The scarves, native to the Middle East, have become ubiquitous in the United States again, showing up on the necks of celebrities such as Chris Brown and in mall stores such as Forever 21. But the wraps are also loaded with political baggage - or at least, they used to be.
"I just got mine because it was warm, and it looked all right," said Derek Fredrick, a freshman at Elizabeth City State University. In his hometown of Flatbush, Brooklyn, many of his peers had incorporated their keffiyehs into '80s hip-hop homage looks complete with Kangols and Gazelle glasses. He had a hunch that the scarf he bought from a vendor for $8 was from Israel, but "I didn't look it up or anything."
If he had, he might have discovered a lengthy history on the wrap. At various times it has signaled anti-war sentiments, solidarity with Palestinians and, in a story in the Los Angeles Times in 2006, "terrorist chic."
The scarves, traditionally worn by Arabs needing protection from the elements, had mostly a benign meaning until the 1960s. Some Americans wore them to advertise that they were against Vietnam. And they became symbols of Palestinian solidarity, particularly when the late Palestinian leader Yasser Arafat wore his draped over his shoulder in the rough shape of his homeland.

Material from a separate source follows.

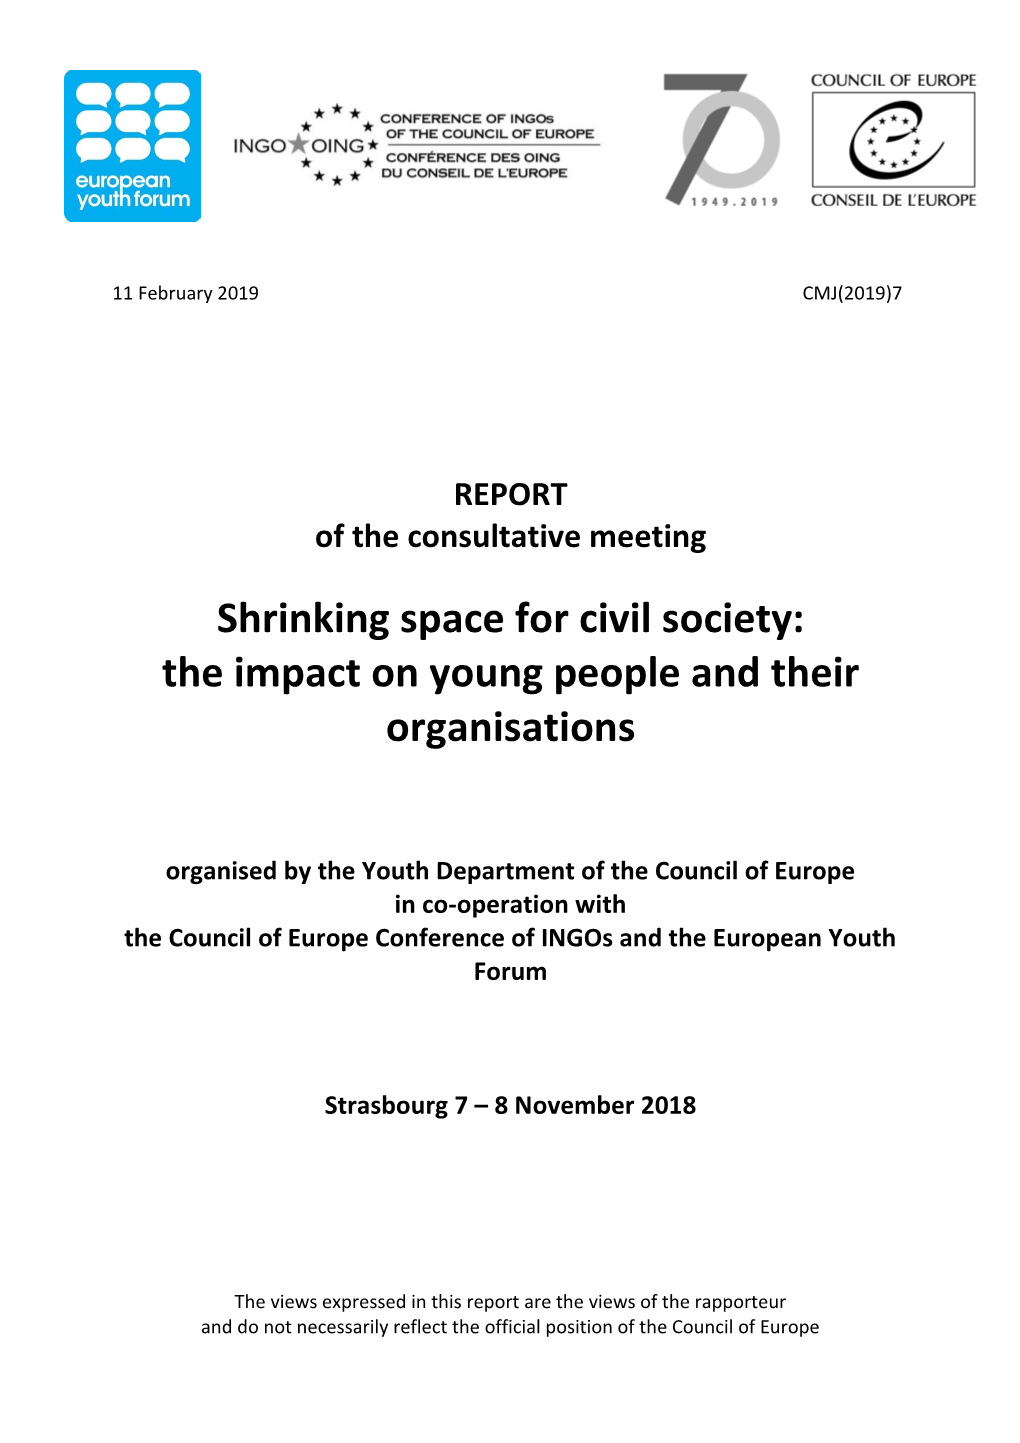 Shrinking Space for Civil Society: the Impact on Young People and Their Organisations

That imagery, for some observers, linked the garment with political unrest.
"There was a possible connection one would make between terrorism and that item," said Rabbi Israel Zoberman, of Congregation Beth Chaverim of Virginia Beach, who bought a keffiyeh on a trip to Jordan decades ago. "Today with the threat of terrorism and radical Islam, that can create a subtext or false assumption."
The scarves have become the new version of the Che Guevara T-shirts everyone was wearing in the late 1990s, celebrating the revolutionary who fought alongside Fidel Castro to seize power in Cuba in the late 1950s. It's clothing that, for some people, triggers intense feelings; for others, it symbolizes counterculture cool for reasons they are not entirely clear about.

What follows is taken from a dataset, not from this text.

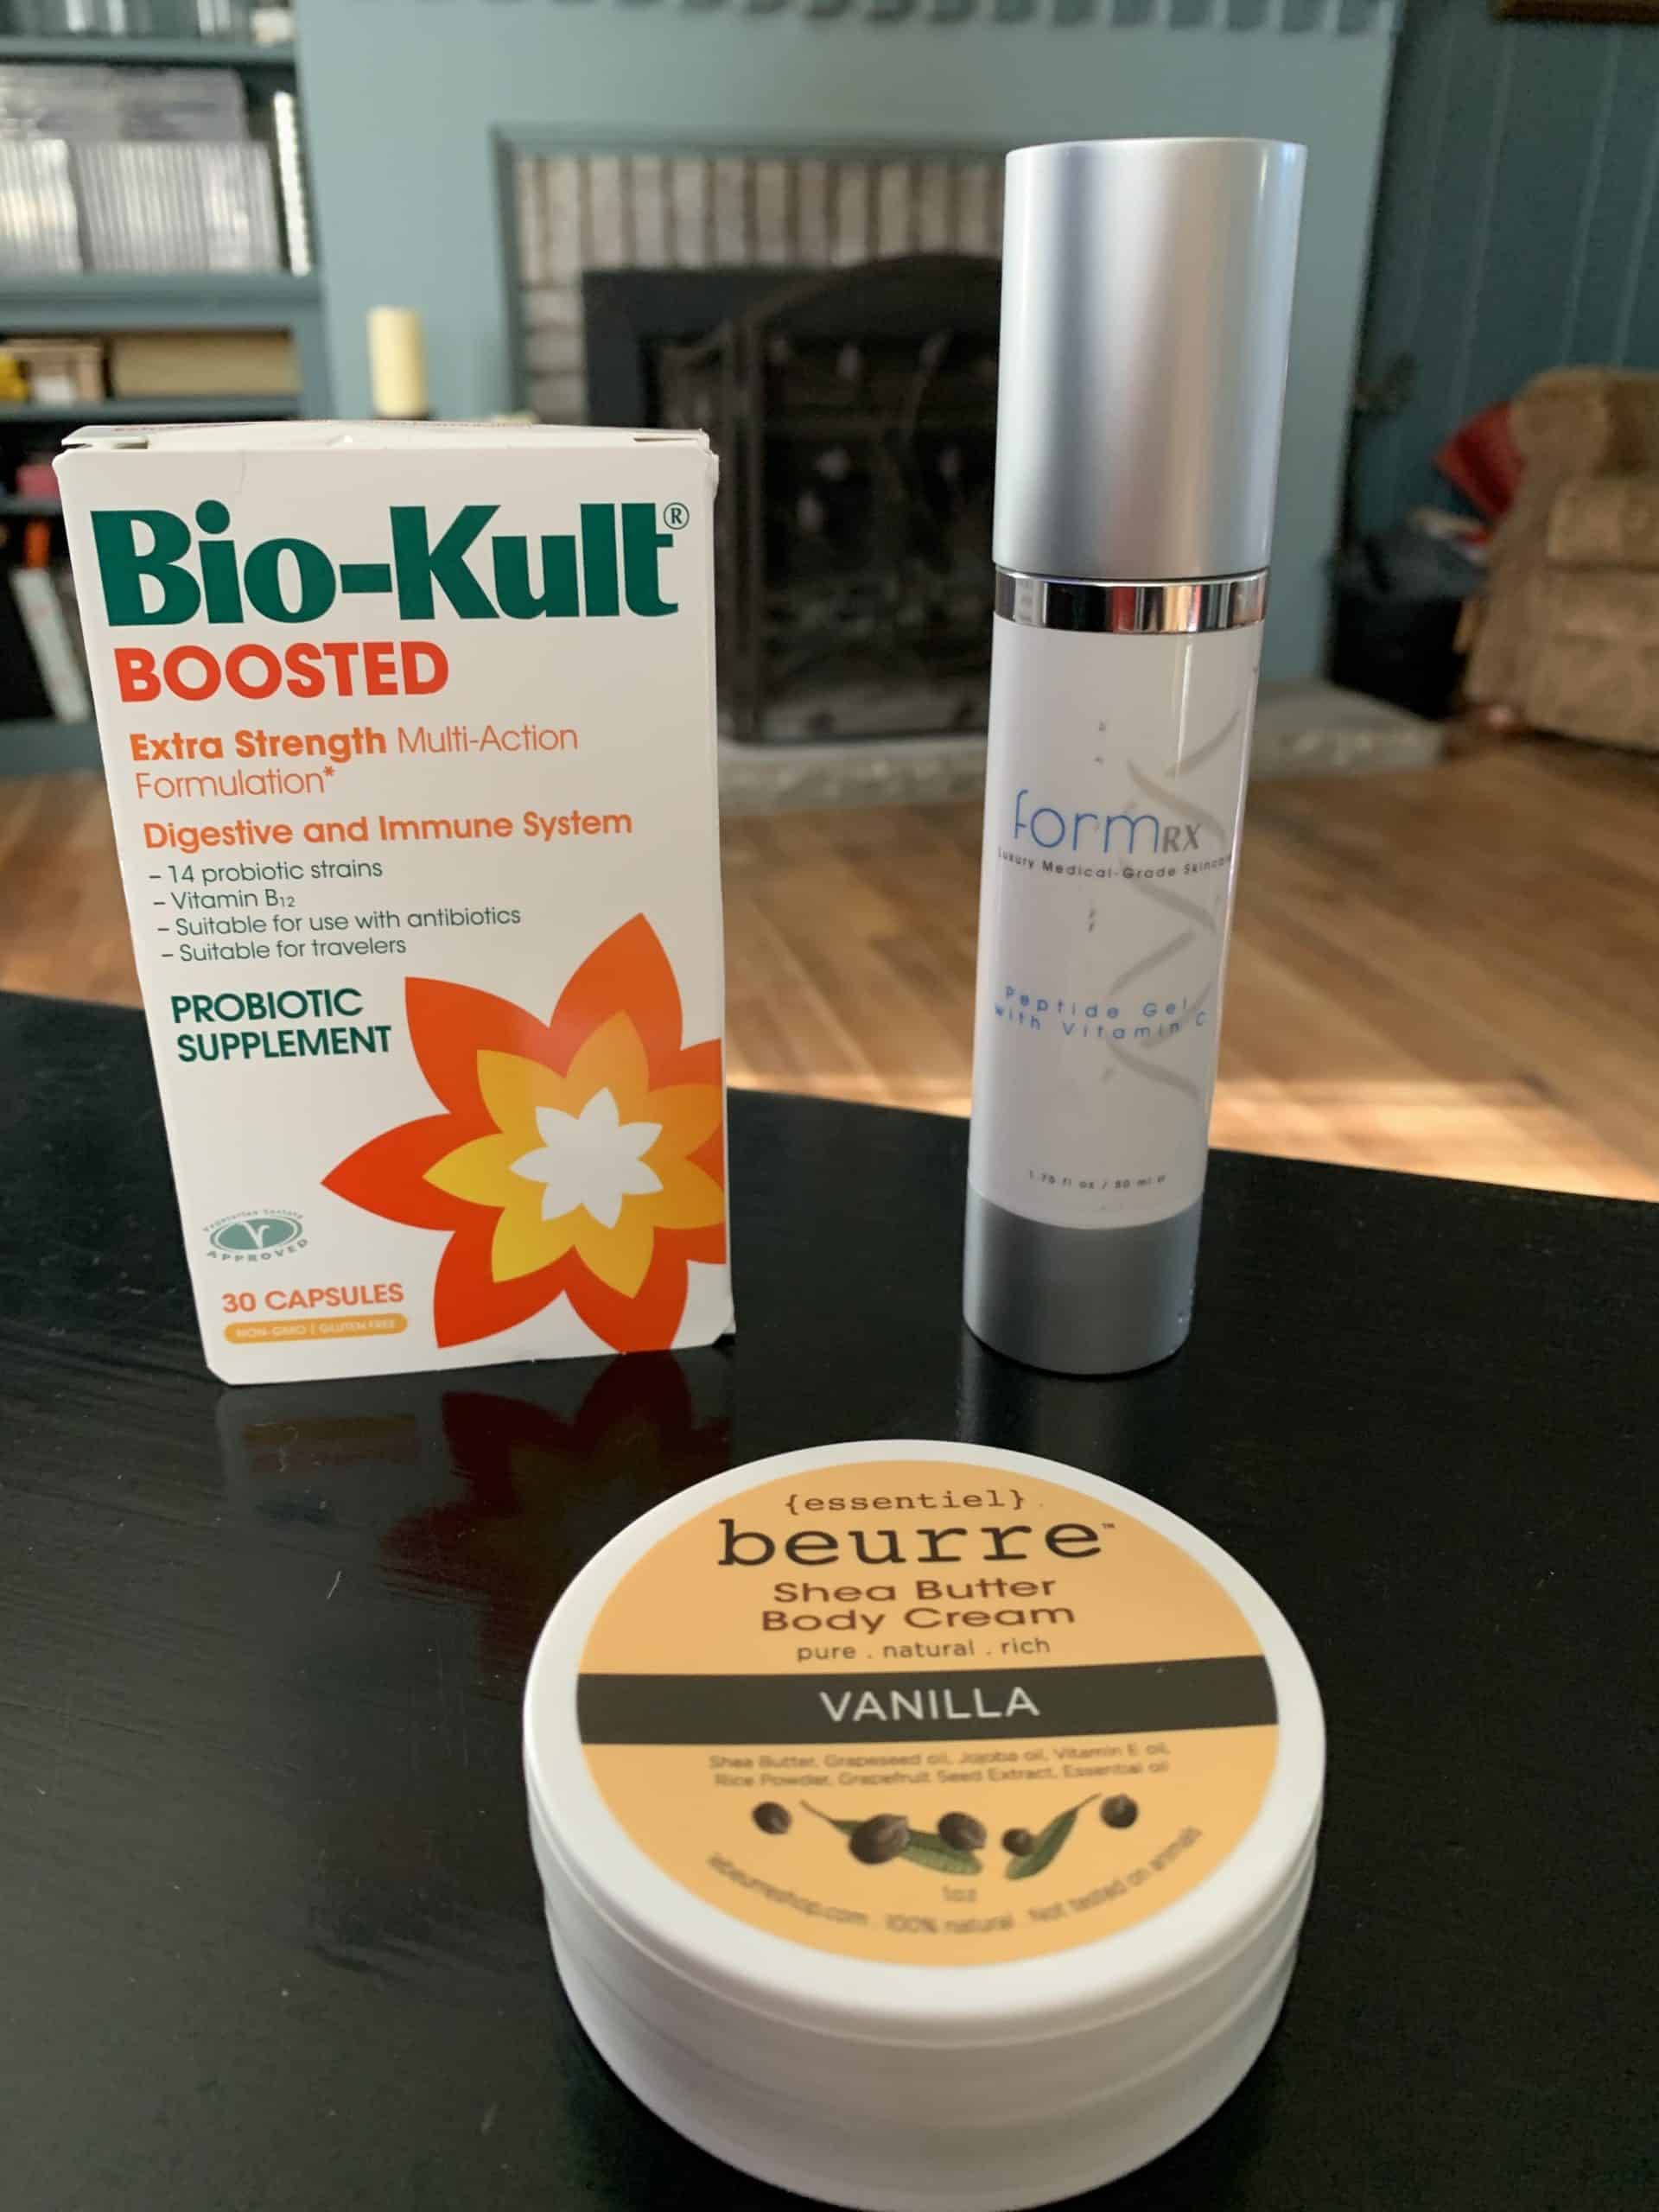 products to make your life easier in 2022 - biocult immunity essential beurre formrx

"It tells a story about you," said Nichole Williams, an Old Dominion University senior who bought her statement of what she called "creativity, originality and out-of-the-box thinking" from For Love 21, the accessories branch of Forever 21, which owns 391 stores in the U.S. and Canada. Forever 21 has a store at MacArthur Center, and For Love 21 is at MacArthur and Lynnhaven malls. "Some say they originate back to Africa," she said, sort of correctly, before adding, "the Hinduism culture, even the Asian culture."

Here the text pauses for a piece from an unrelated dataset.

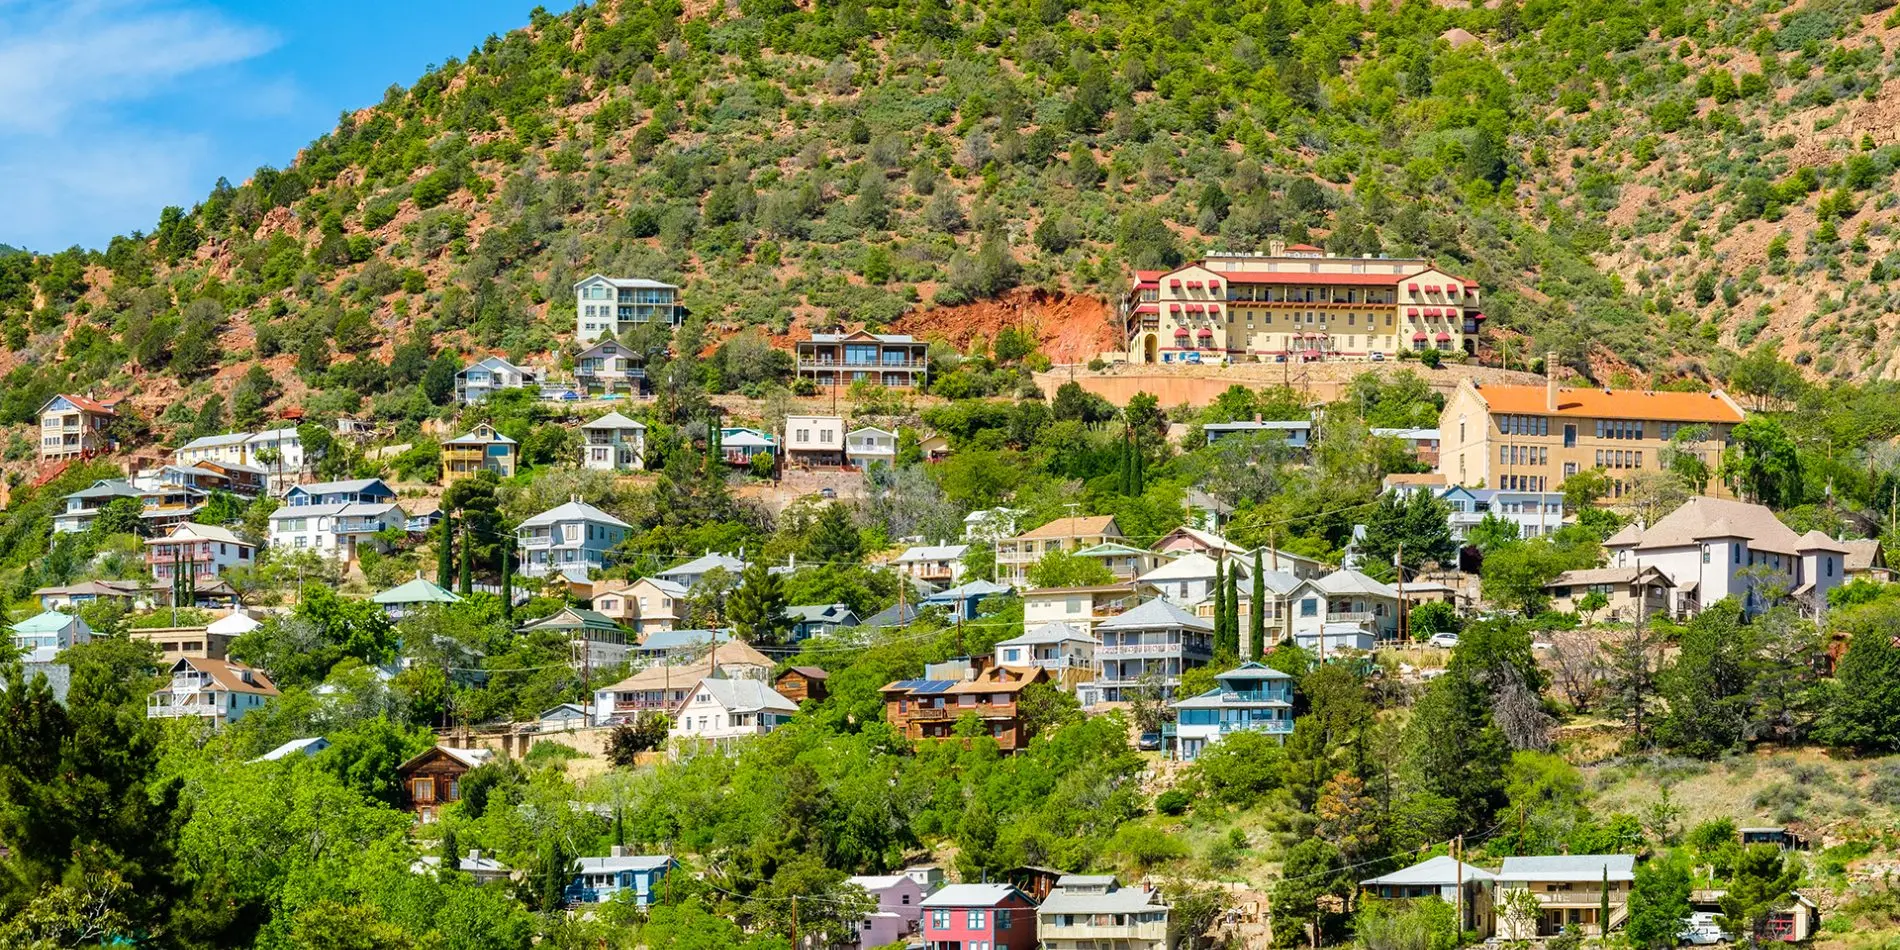 Jerome town

She had not heard the word keffiyeh. "We just call them scarves. Some people call them bandana - as long as they have those little frillies on the end."
Some people know exactly what the scarves mean. Students at Columbia University wore keffiyehs en masse to graduation in 2002, to show solidarity with Palestine. Actor Colin Farrell wore one to the premiere of a pro-Palestinian film and was mocked and criticized online, where some vented open disdain for clueless hipsters or worse, people they feel are being deliberately anti-Semitic.
It was those kinds of complaints that prompted Urban Outfitters to remove the scarves from store shelves in 2007.
Zoberman said no one should make assumptions about someone wearing one, though.
"I would caution people not to connect to anything negative with it," he said. He does not wear the keffiyeh he bought years ago. "We live at a time when clothes might reflect political attitudes, but you really have to talk to a person to verify the intent behind it. On the one hand, it's a symbol, but it's also just a piece of clothing."
That's just what it is for Williams and many others who wear them. Almost any outfit can get a jolt from the scarves' clashing patterns. And the exoticism of the "little frillies" can't be underestimated.
"It doesn't have to match, just coordinate," Williams said. Added her friend Amber Worrell, also an ODU student, "You can really do it with any scarf. It just has to be a square shape."